Lastly, to generate the graph as in the paper, run the following command:
```
$ python3 ../../benchmark/benchmark-graph.py -rw
```
The 3 pie charts for Faial, GPUVerify, and PUG are named faial-stats.pdf, gpuverify-stats.pdf, and pug-stats.pdf respectively. The generated scatter graph is named time-relation-faial-scatter.pdf.

4 Accessing Experimental Results

The Docker container includes a HTTP server exposing $FAIAL_HOME to port 8000. This enables access to download logs, plots, and other files inside the container. To access experimental results, ensure the container is running, and navigate to: localhost:8000

Claim	Path	See
3.1	(steps 3 and 4)	Table 1
3.2	datasets/micro-benchmarks/Micro-benchmark-time-1-50.pdf	Fig 8 (lhs)
3.2	datasets/micro-benchmarks/Micro-benchmark-memory-1-50.pdf	Fig 8 (rhs)
3.3	datasets/gpuverify-cav14/faial-stats.pdf	Fig 9.a
3.3	datasets/gpuverify-cav14/gpuverify-stats.pdf	Fig 9.b
3.3	datasets/gpuverify-cav14/pug-stats.pdf	Fig 9.c
3.3	datasets/gpuverify-cav14/time-relation-faial-scatter.pdf	Fig 9.d

5 Kernel Generation Framework

Optional documentation of our kernel generation and benchmarking framework is provided in FRAMEWORK.md. Details include experiment configuration file parameters and the generation of tool-specific kernels from tool-agnostic templates.
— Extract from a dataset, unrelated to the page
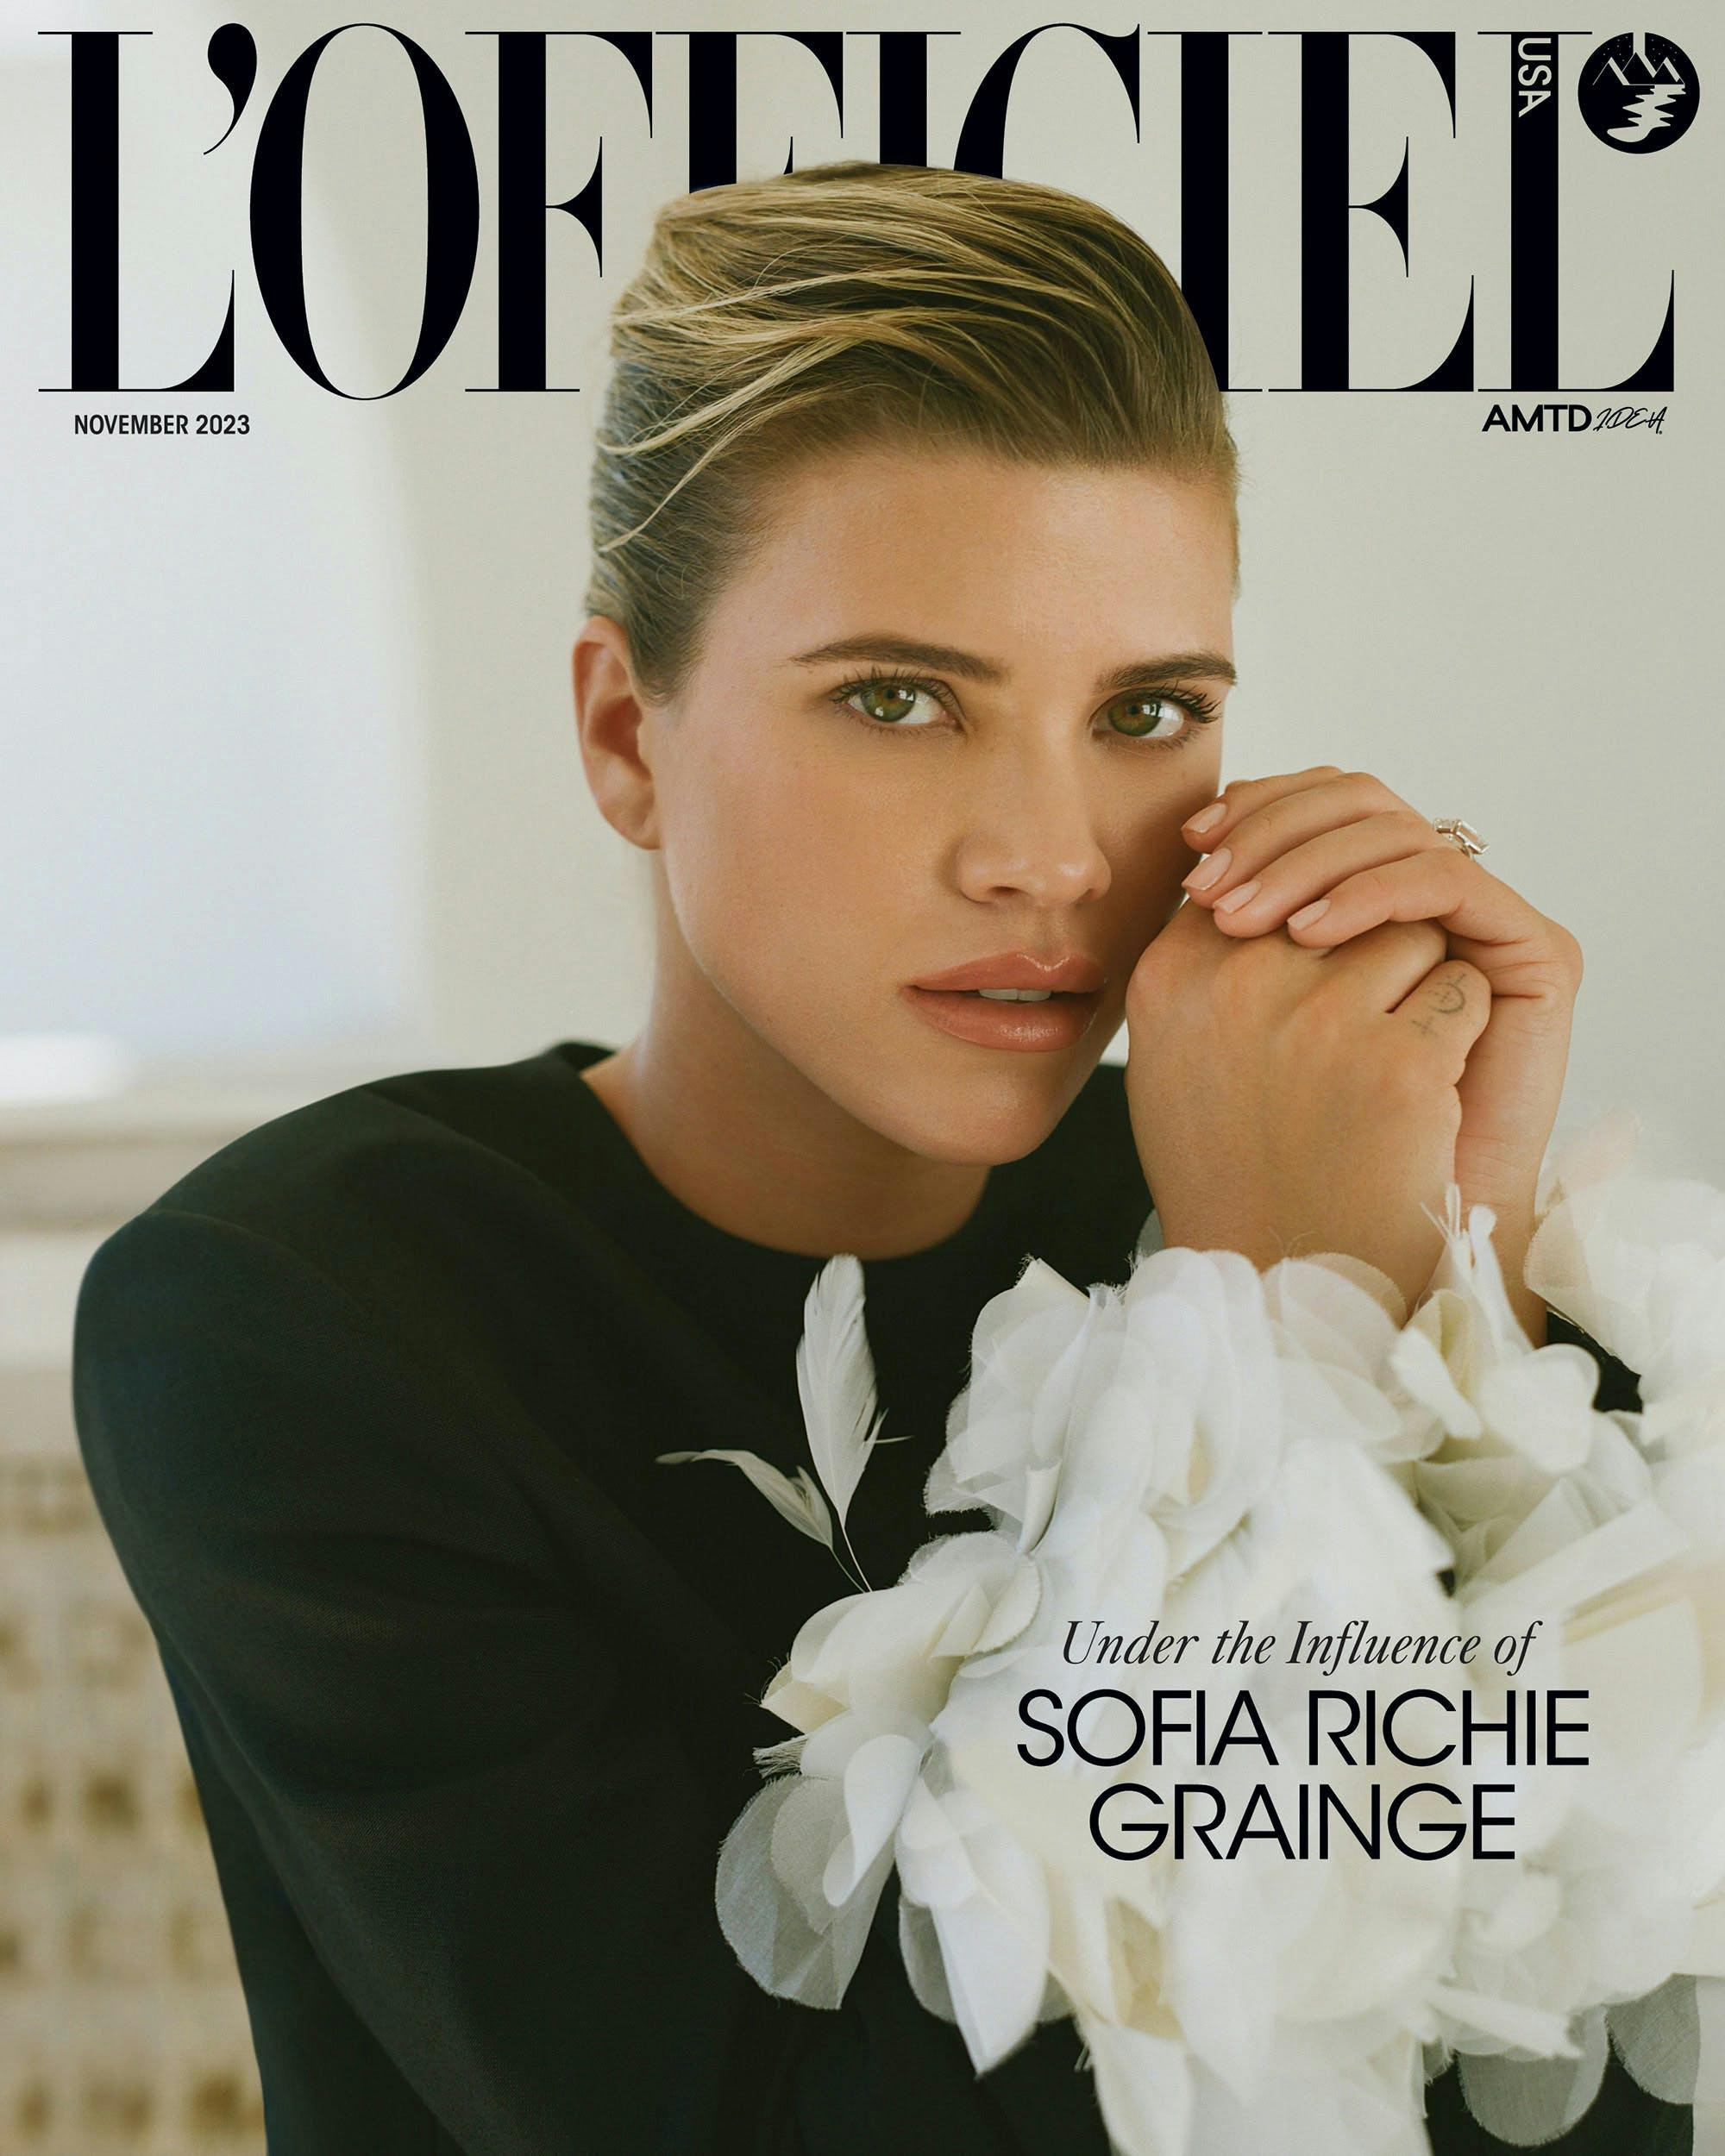 sofia richie on the cover of l'officiel with slicked back hair and wearing a black shirt

6. Rebuilding this Artifact

This section covers reproducing the Docker container and building Faial from source.

6.1 Building with Docker

To reproduce the Docker container, first install and start Docker.

Building the tar archive

Ensure you are in the root of the artifact. You should see the file Dockerfile.
To build the image, run:
```
$ docker build --tag faial-cav21 . 
```

To save the image, run:

$ docker save faial-cav21 | bzip2 > artifact-354.tar.bz2

Building without Docker

To reproduce this environment natively without Docker, follow along with the commands run by the provided Dockerfile. This is known to work on Ubuntu 20.04; other systems will require modifying package names and commands to those supported provided by your system.

6.2 Building Faial

The source for Faial is split across three repositories: faial, faial-infer, and c-to-json. Each repository is both available online and included with this artifact in directory source/. Note that the source used for the version of Faial in this artifact is located in branches named cav21.
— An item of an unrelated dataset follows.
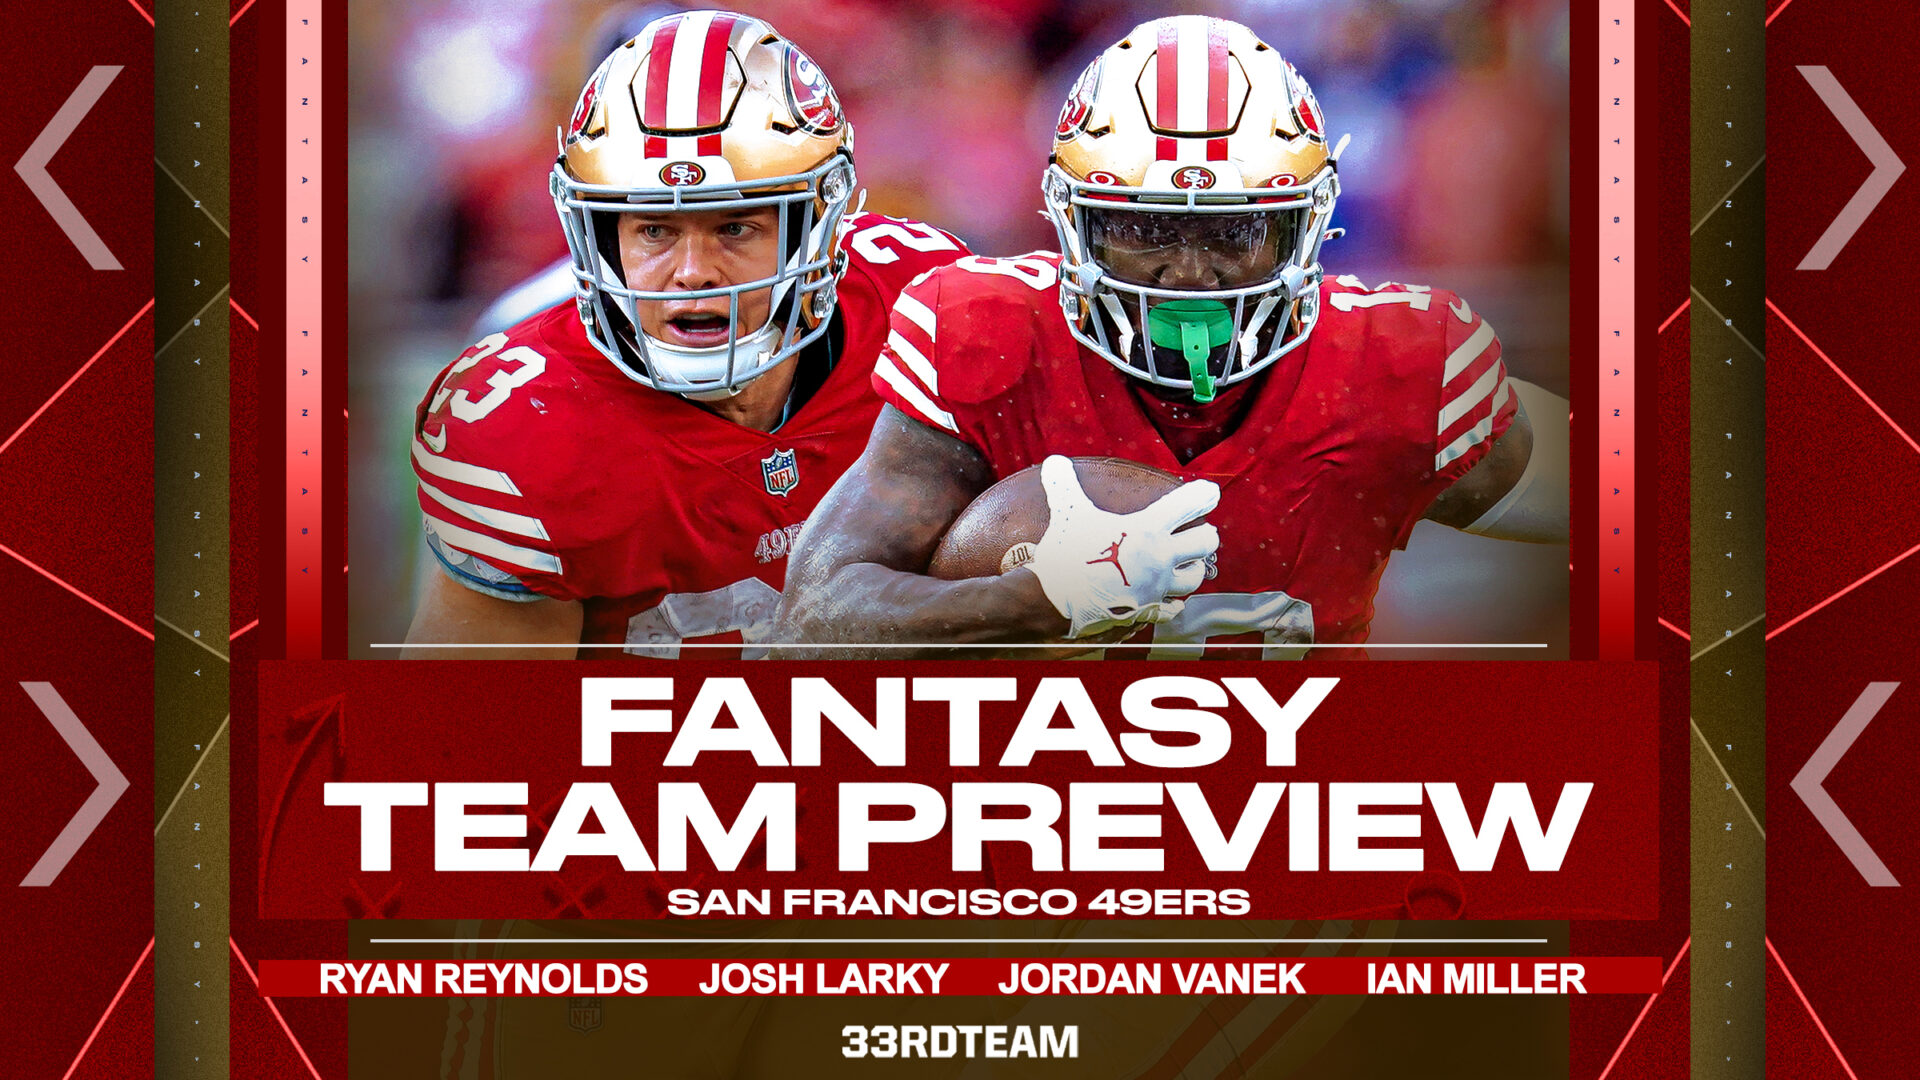 Red graphic reading "Fantasy Team Preview, San Francisco 49ers" featuring cut-out images of Christian McCaffrey and Deebo Samuel

See the Faial README for instructions on building from scratch.

Prebuilt Linux Binaries

We additionally provide prebuilt Linux binaries Faial:

7. Tutorial on Faial usage

As a next step, you may want to view our tutorial on using Faial to verify your own CUDA programs! This may be found locally at source/faial/tutorial/ or online in the Faial source repository.
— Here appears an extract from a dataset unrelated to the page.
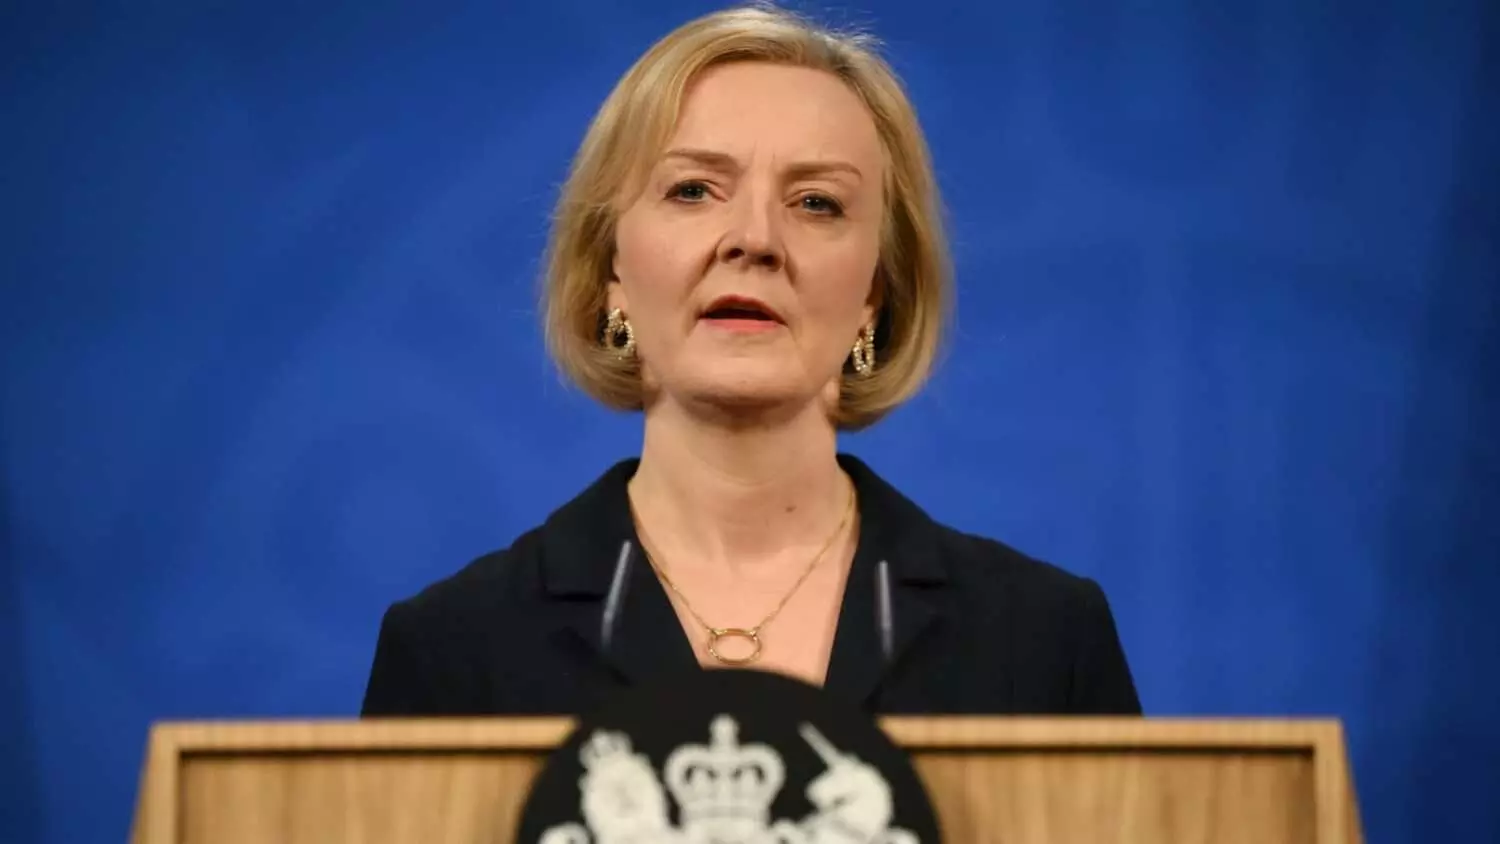 uk pm liz truss faces serious pressure for his policies demand for resignation

Additionally, you can also manually run a single kernel from Claim 3's CAV14 dataset, by directly calling faial on said kernel with the --parse-gv-args option. For example:

$ cd $FAIAL_HOME/datasets/gpuverify-cav14/
$ faial --parse-gv-args faial/CUDA20/scan/best/kernel.cu
  Program is data-race free!

The text editors vim and nano are included in the container so you may alter kernels and verify them. Please enjoy exploring verification with Faial.